Chen Yanrui, Chen Guangwu, Li Peng
School of Automation and Electrical Engineering, Lanzhou Jiaotong University, Lanzhou 730070, China.
Key Laboratory of Plateau Traffic Information Engineering and Control of Gansu Province, Lanzhou Jiaotong University, Lanzhou 730070, China.
Sensors (Basel). 2024 Nov 6;24(22):7128. doi: 10.3390/s24227128.
To address the issue of efficiently reusing the massive amount of unstructured knowledge generated during the handling of track circuit equipment faults and to automate the construction of knowledge graphs in the railway maintenance domain, it is crucial to leverage knowledge extraction techniques to efficiently extract relational triplets from fault maintenance text data. Given the current lag in joint extraction technology within the railway domain and the inefficiency in resource utilization, this paper proposes a joint extraction model for track circuit entities and relations, integrating Global Pointer and tensor learning. Taking into account the associative characteristics of semantic relations, the nesting of domain-specific terms in the railway sector, and semantic diversity, this research views the relation extraction task as a tensor learning process and the entity recognition task as a span-based Global Pointer search process. First, a multi-layer dilate gated convolutional neural network with residual connections is used to extract key features and fuse the weighted information from the 12 different semantic layers of the RoBERTa-wwm-ext model, fully exploiting the performance of each encoding layer. Next, the Tucker decomposition method is utilized to capture the semantic correlations between relations, and an Efficient Global Pointer is employed to globally predict the start and end positions of subject and object entities, incorporating relative position information through rotary position embedding (RoPE). Finally, comparative experiments with existing mainstream joint extraction models were conducted, and the proposed model's excellent performance was validated on the English public datasets NYT and WebNLG, the Chinese public dataset DuIE, and a private track circuit dataset. The 1 scores on the NYT, WebNLG, and DuIE public datasets reached 92.1%, 92.7%, and 78.2%, respectively.
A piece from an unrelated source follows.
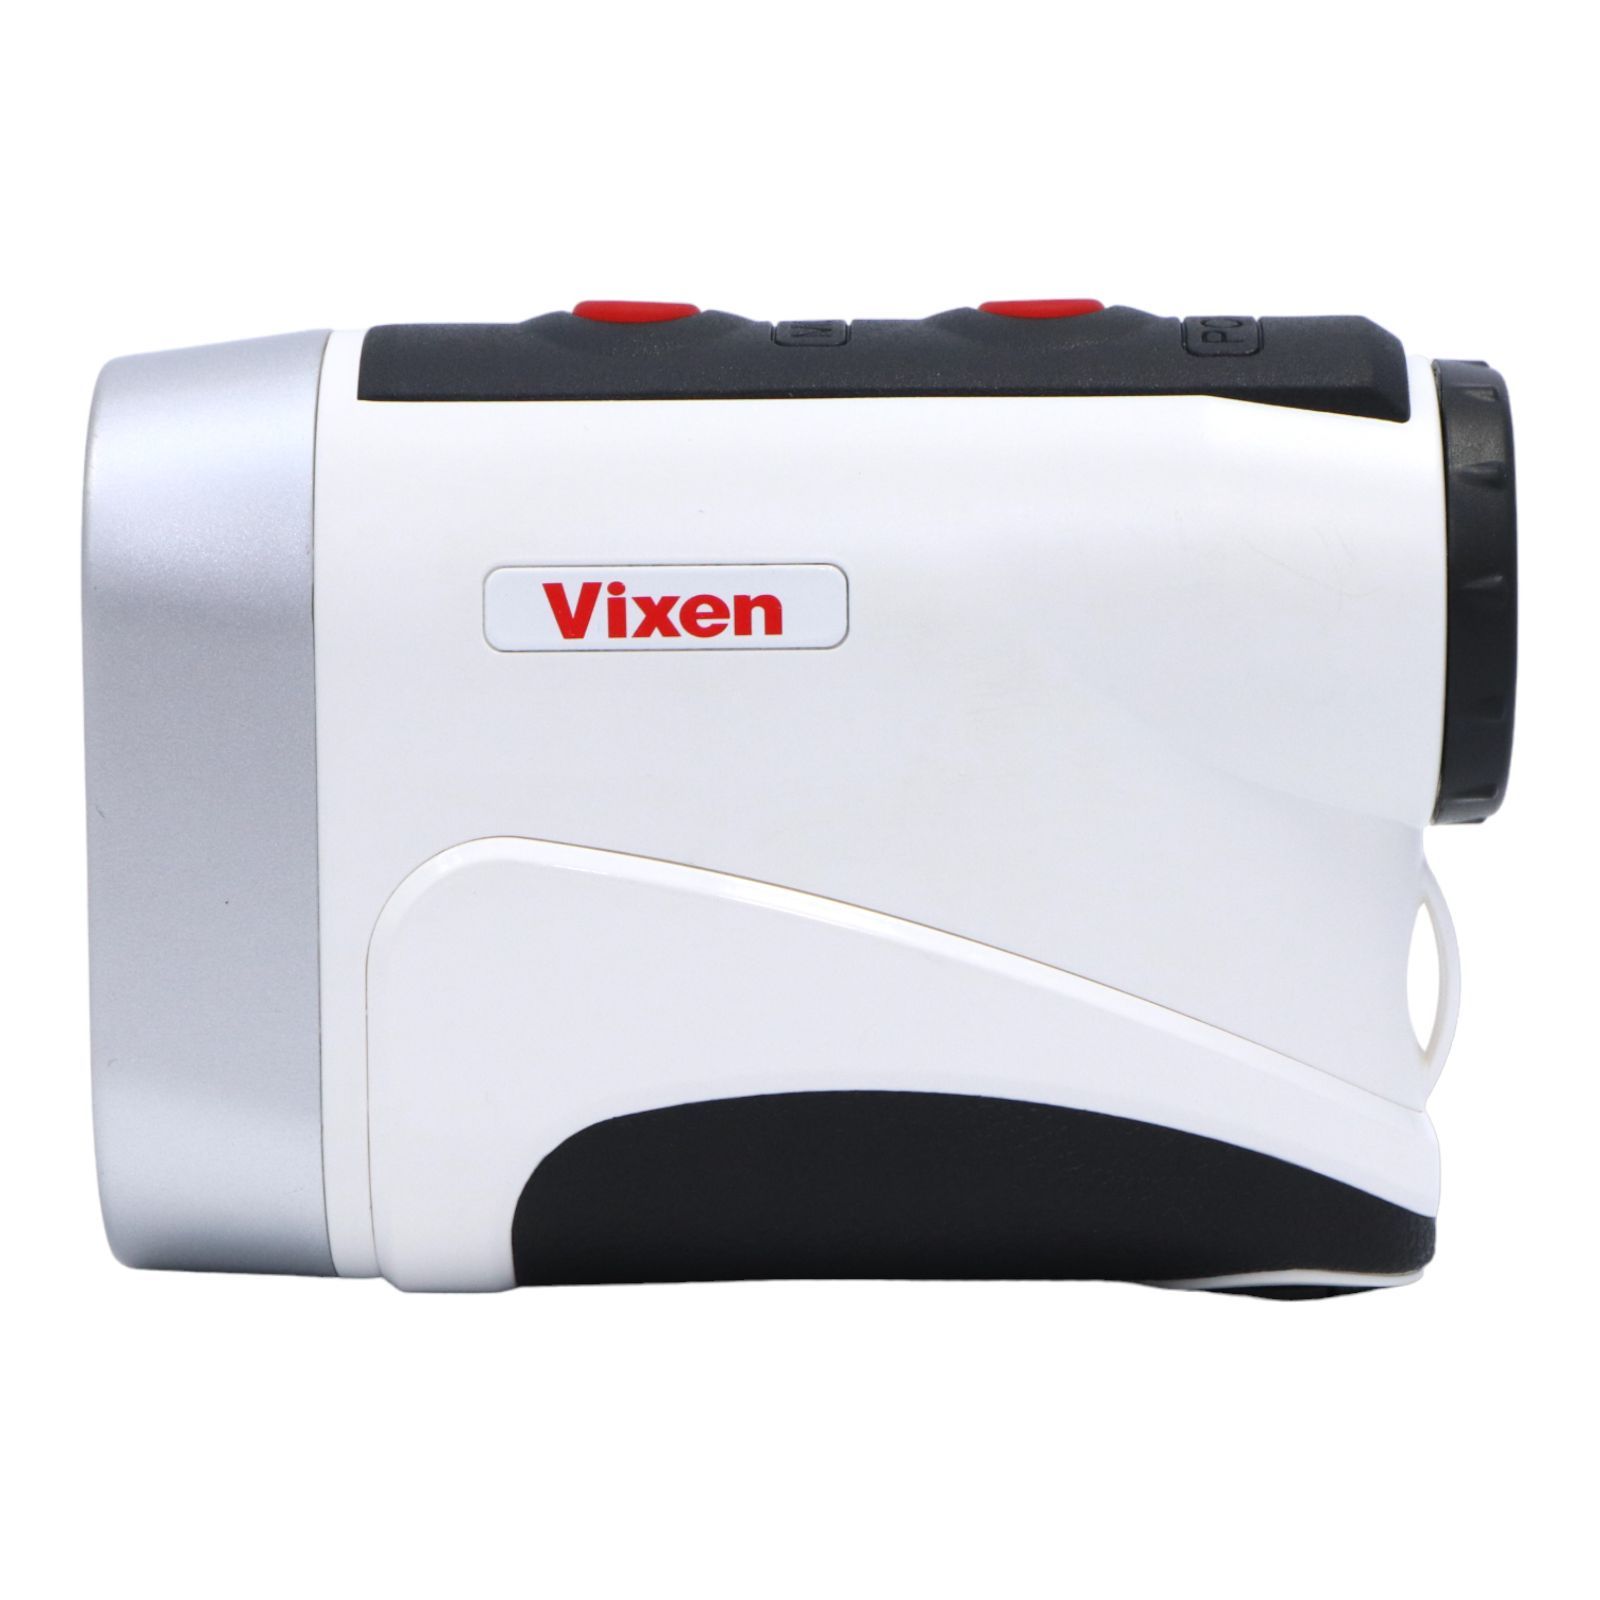 Vixen ビクセン ゴルフ用レーザー距離計 VRF800VZ 15751 【 良い（B

为了解决在处理轨道电路设备故障过程中高效复用大量非结构化知识以及实现铁路维护领域知识图谱自动化构建的问题,利用知识提取技术从故障维护文本数据中高效提取关系三元组至关重要。鉴于目前铁路领域联合提取技术的滞后以及资源利用效率低下的情况,本文提出了一种轨道电路实体与关系的联合提取模型,融合了Global Pointer和张量学习。考虑到语义关系的关联特性、铁路领域特定术语的嵌套以及语义多样性,本研究将关系提取任务视为张量学习过程,将实体识别任务视为基于跨度的Global Pointer搜索过程。首先,使用带有残差连接的多层扩张门控卷积神经网络来提取关键特征,并融合来自RoBERTa-wwm-ext模型12个不同语义层的加权信息,充分发挥每个编码层的性能。其次,利用Tucker分解方法捕捉关系之间的语义相关性,并采用Efficient Global Pointer全局预测主语和宾语实体的起始和结束位置,通过旋转位置嵌入(RoPE)纳入相对位置信息。最后,与现有的主流联合提取模型进行了对比实验,所提模型在英文公共数据集NYT和WebNLG、中文公共数据集DuIE以及一个私有轨道电路数据集上的优异性能得到了验证。在NYT、WebNLG和DuIE公共数据集上的F1分数分别达到了92.1%、92.7%和78.2%。